# [Recorded data]
------------------------------

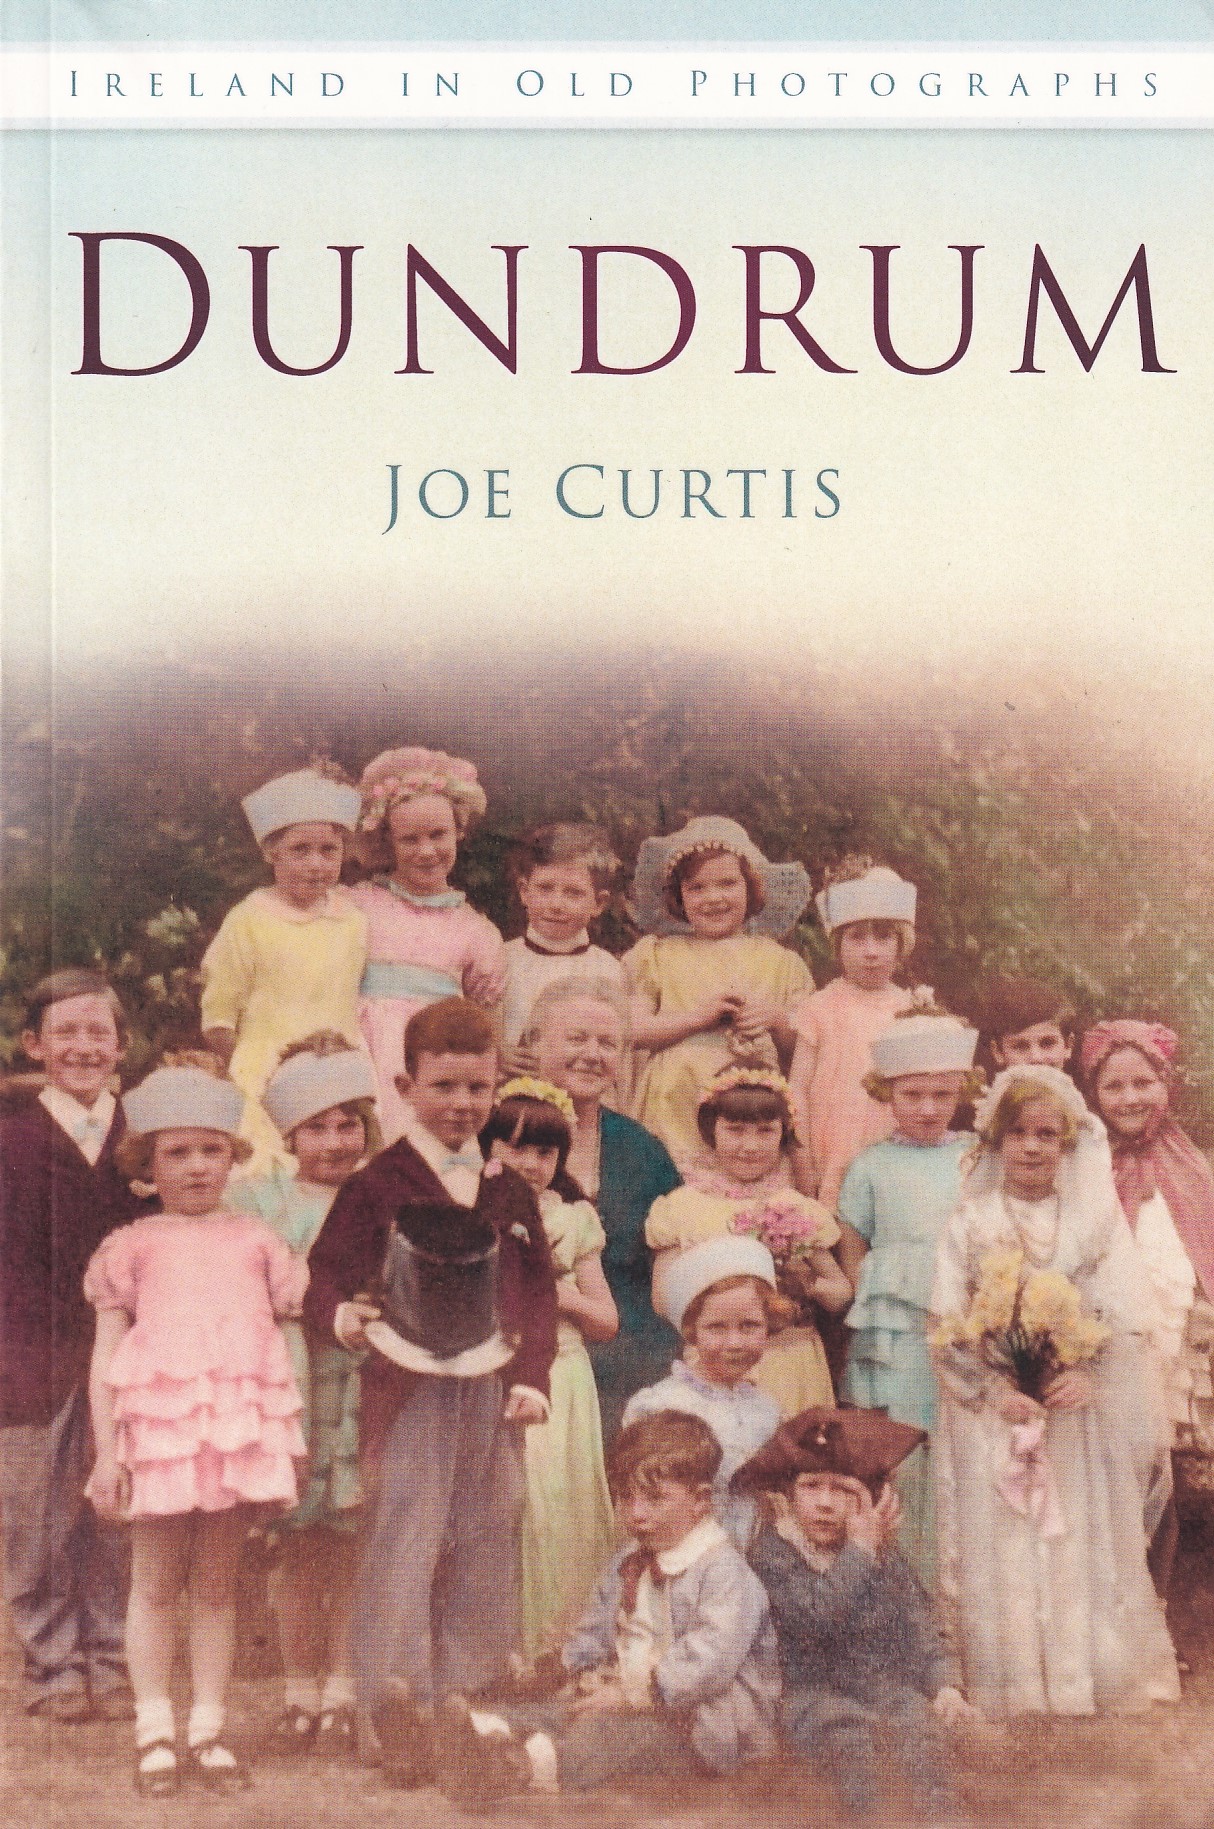 Dundrum: Ireland in Old Photographs | Joe Curtis | Charlie Byrne's
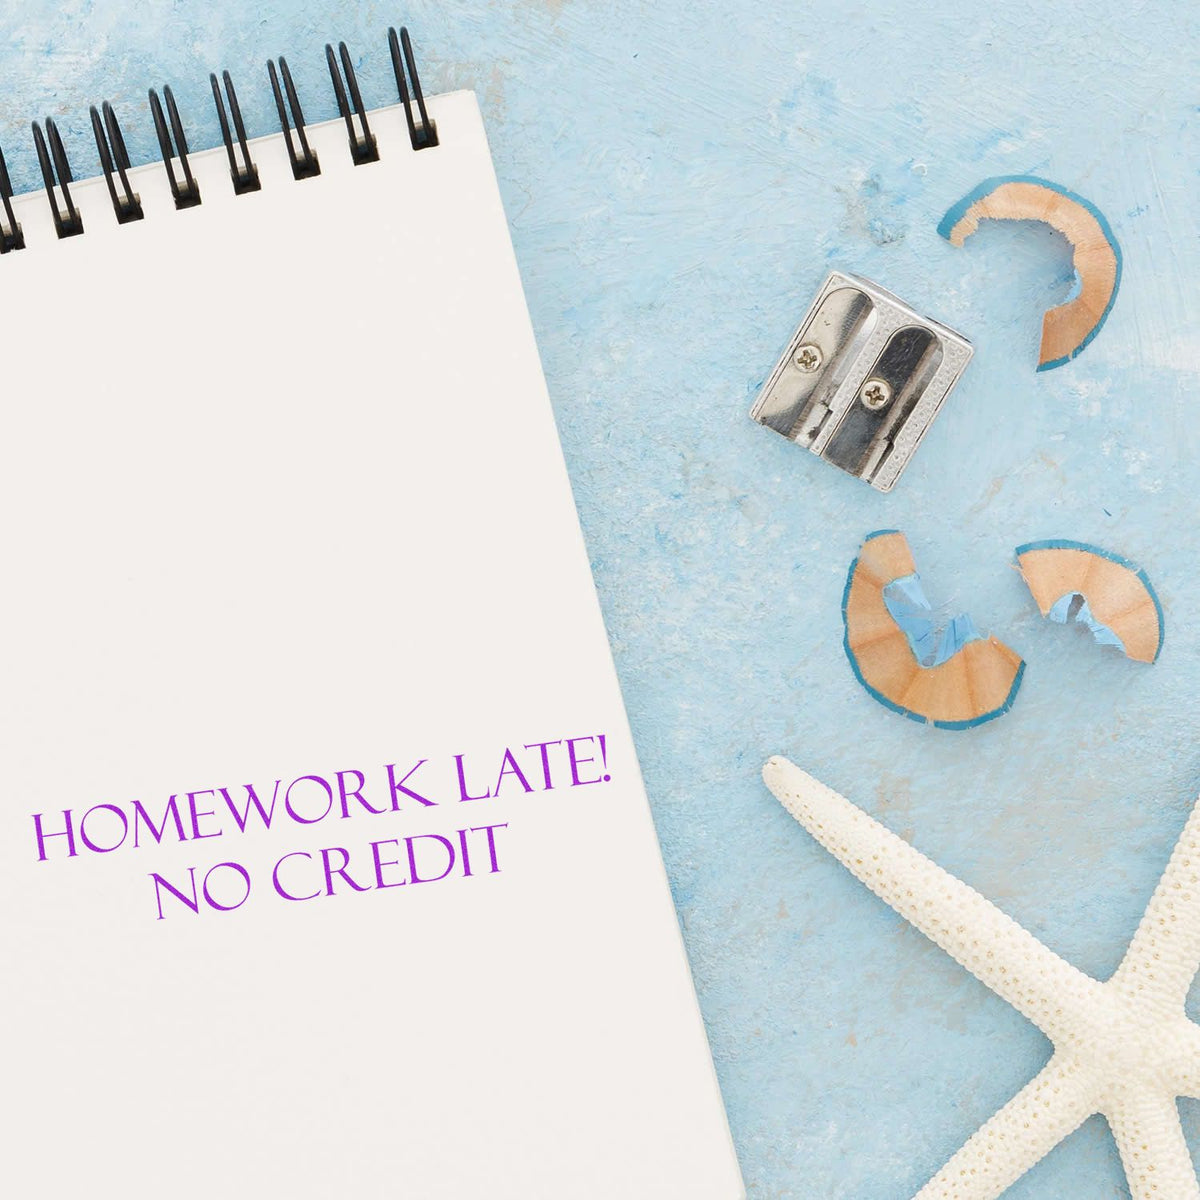 Large Pre-Inked Homework Late No Credit Stamp In Use
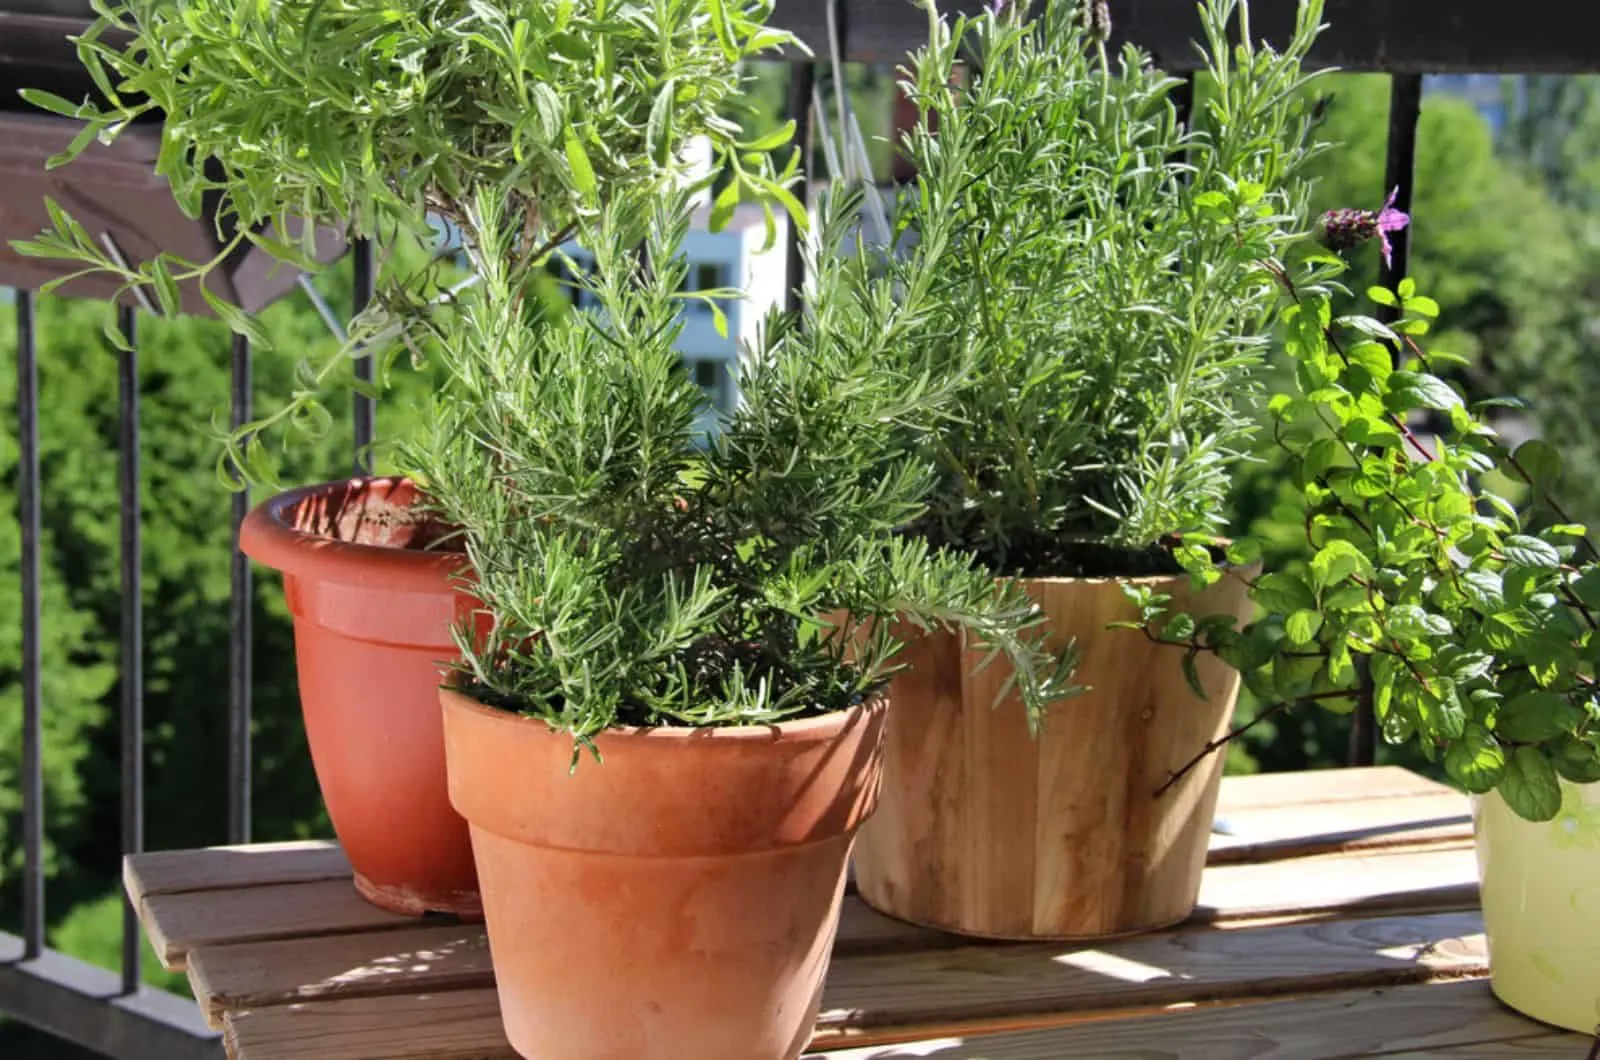 Rosemary, mint, lavender and other herbs in the pot
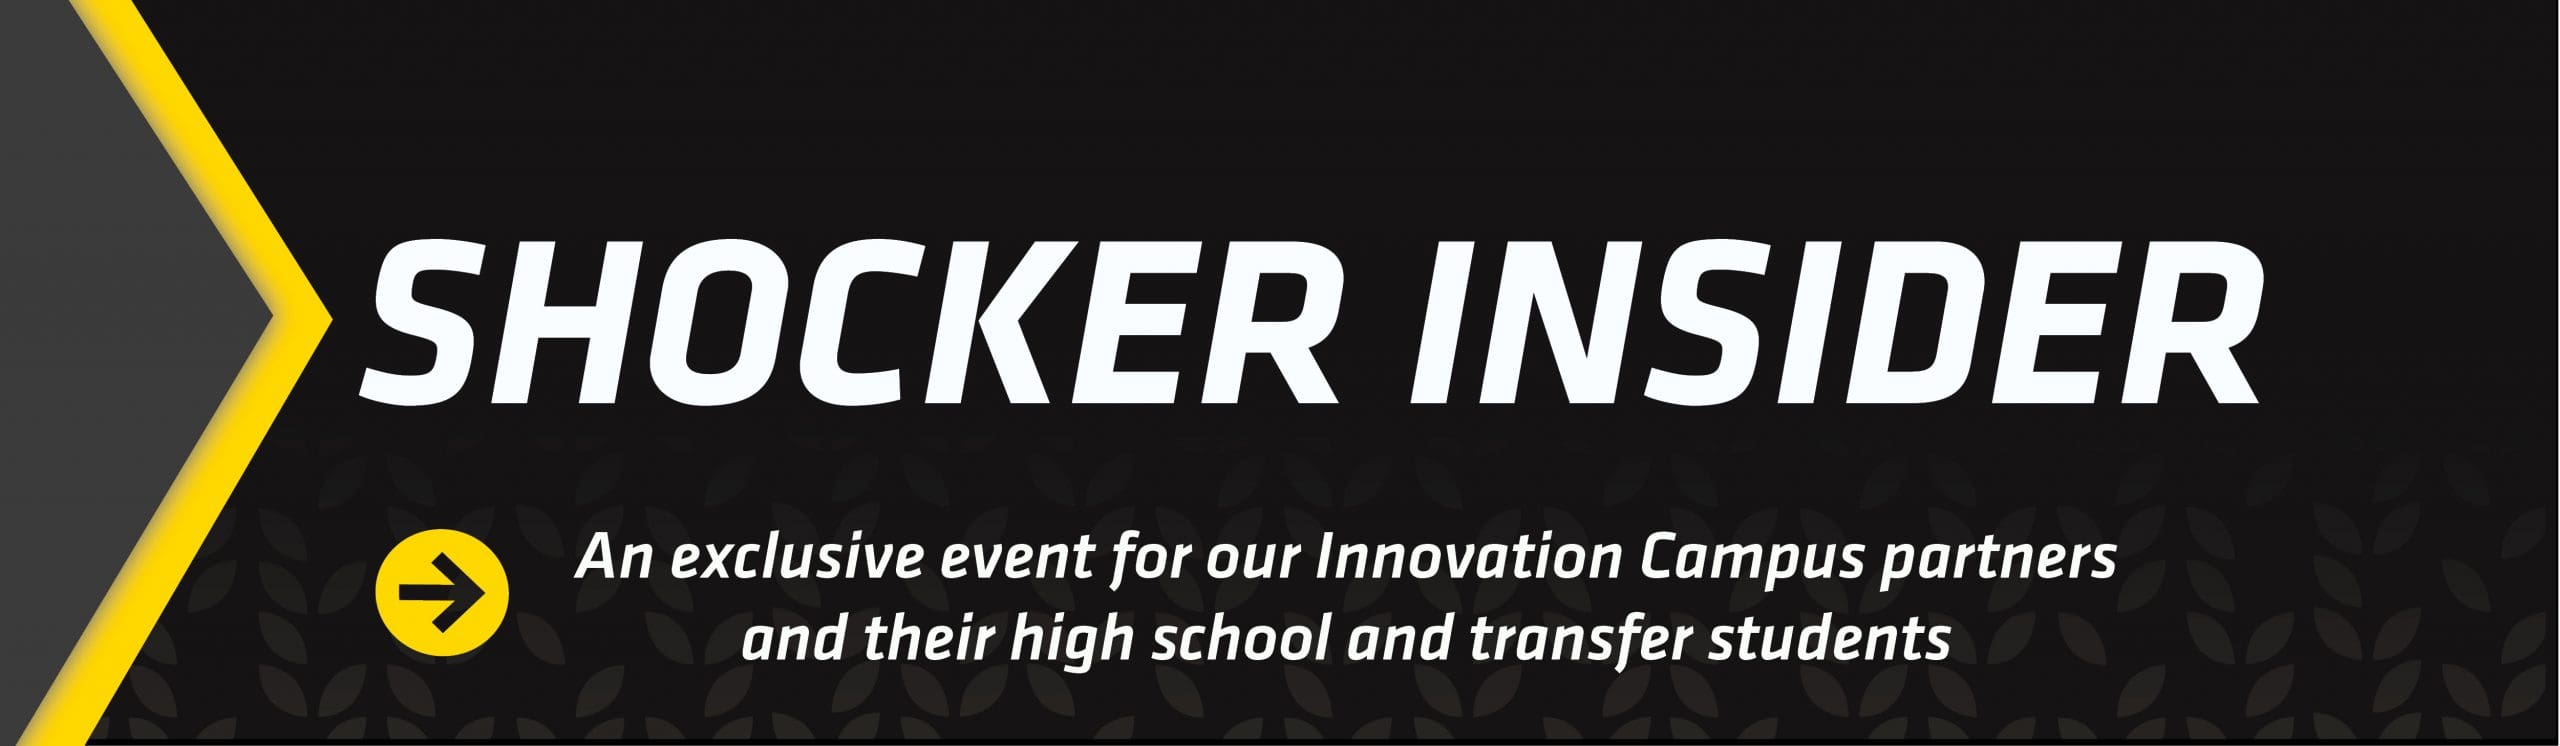 Shocker Insider: An exclusive event for our Innovation Campus partners and their high school and transfer students

------------------------------

# [Work order]
Word for word, return the material above, but drop the pictures.

# [Output below]
 Dundrum: Ireland in Old Photographs | Joe Curtis | Charlie Byrne's
 Large Pre-Inked Homework Late No Credit Stamp In Use
 Rosemary, mint, lavender and other herbs in the pot
 Shocker Insider: An exclusive event for our Innovation Campus partners and their high school and transfer students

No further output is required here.